Number 4 is a handsome house in Lutyens Georgian, with the large areas of brickwork and small windows which he favoured; it was designed by Barry Parker himself in 1924. The next house is something special, designed as early as 1909 by Sir Guy Dawber as one of a pair of houses facing each other (in the end number 8 was built to a different design, albeit a handsome one, again in Lutyens Georgian, and this time by Paul Badcock for Soutar). Dawber was primarily a country house architect, specialising in the Cotswolds, and number 6 is the one example of his work in the Suburb which shows his use of materials at its best, in an extremely clever synthesis of Georgian and Elizabethan ideas. The main entrance with its pediment and swags is Georgian, in plum-coloured brick with good carving to the stone dressings, but the end elevations looking towards the Heath and towards the Suburb are provided with tall thin oriels of Elizabethan derivation.

Number 10 is also an especially good house, by H A Welch, 1914-15. Although its windows are of Georgian shape, it illustrates the Gothic Revival background to most of the Edwardian architects in its asymmetry and in the functional expressiveness of the two tall chimneys rising up the middle of rectangular bay windows. Number 5 is also impressive (by Badcock for Soutar), though with fussy brick piers to the porch.

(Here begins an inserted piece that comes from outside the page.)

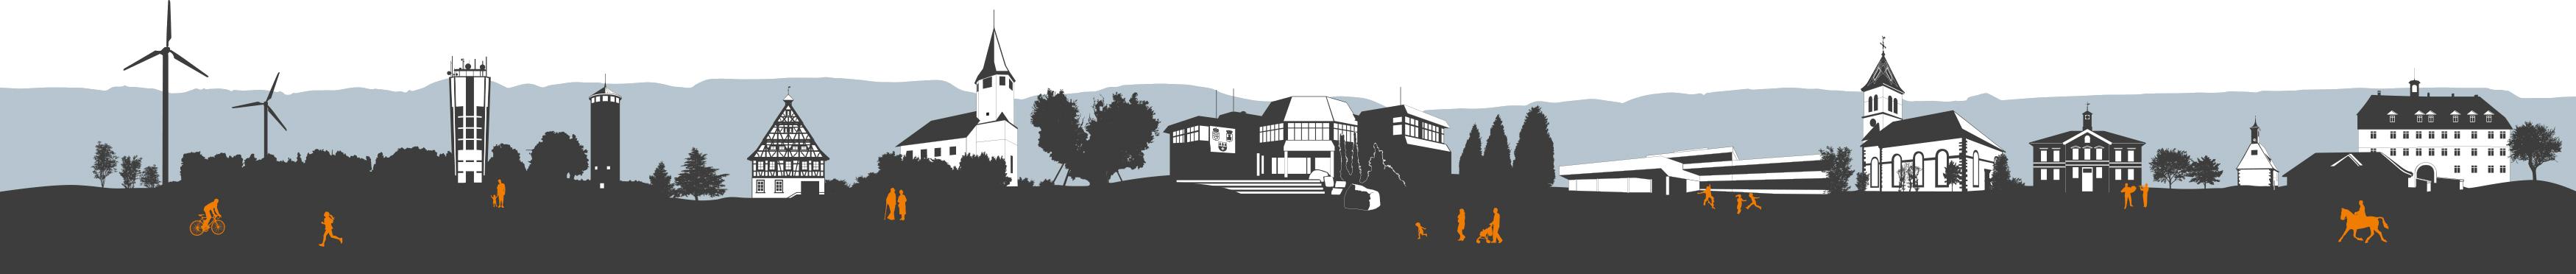 KFS STUDIO stellt vor: Referenzprojekt der Gemeinde Jettingen, Illustration der Jettinger Skyline.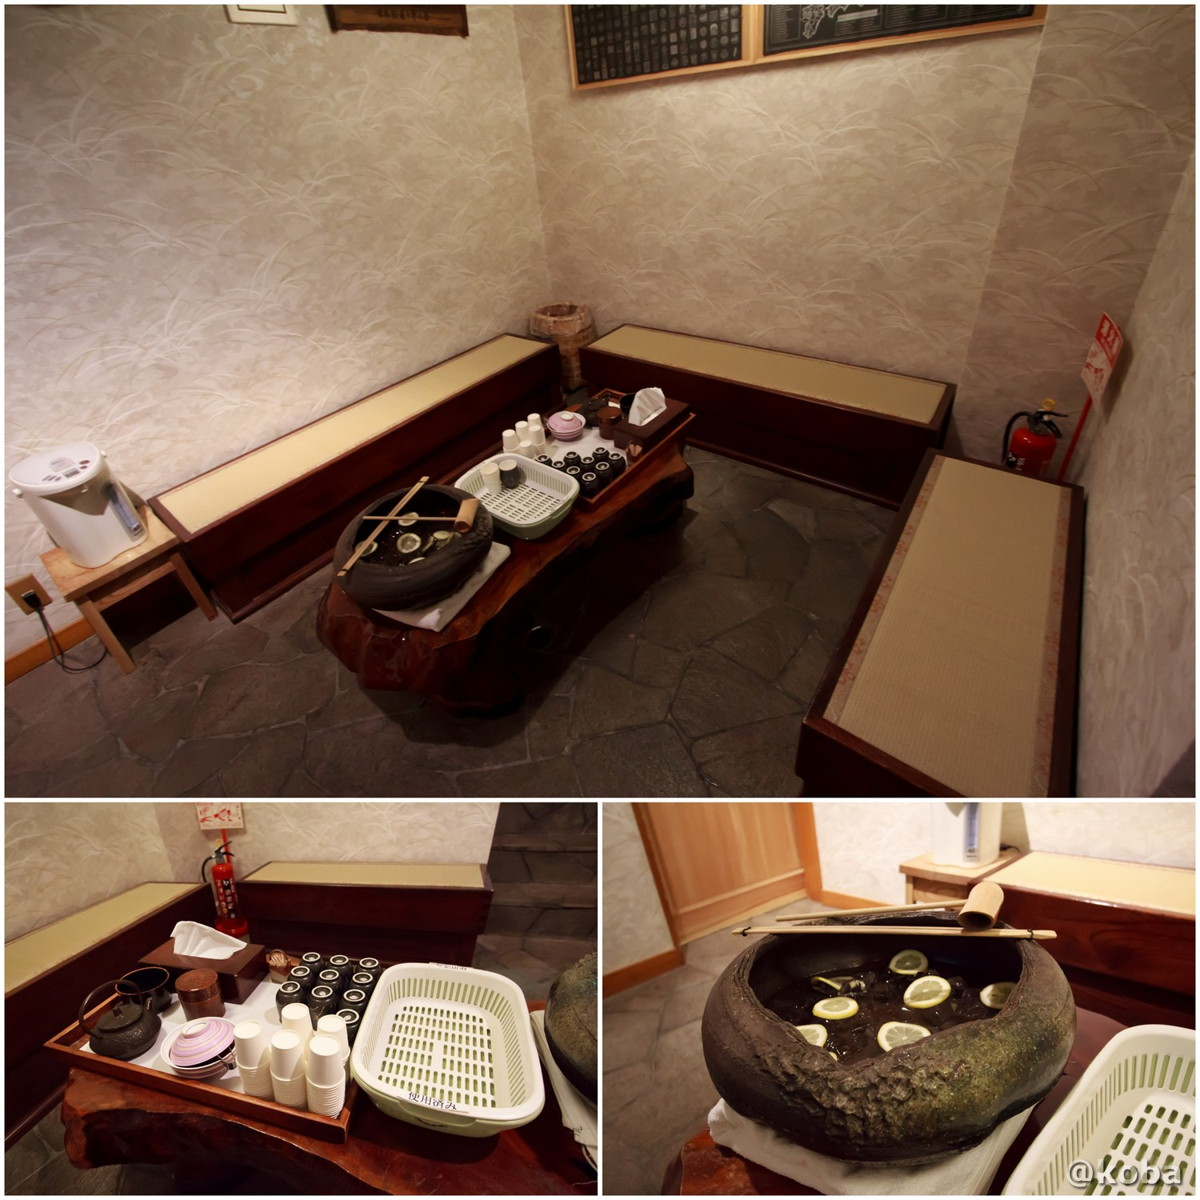 梅干し・お茶・レモン水が置いてある、湯上りまったりスペースの写真│たんげ温泉 美郷館(みさとかん)│群馬県 吾妻郡

This group of houses has entrance fronts facing away from the Heath and enclosing one end of Linnell Close, the first major example of neo-Georgian in the Suburb and one of the best. The Builder of 1912 explains that three architects originally prepared designs for different houses, but Michael Bunney (in his capacity as secretary of the Garden Suburb Development Company) succeeded in co-ordinating their efforts and imposing elevations designed by himself. The result is a group of eight neat brick boxes forming a three-sided courtyard possessing a kind of New England simplicity in the admirably sustained puritanism of their detailing, brown brick, with small arched hood moulds to the ground floor windows as the main accent. The stern uniformity is softened by the individuality of the hipped roofs which emphasise each separate house.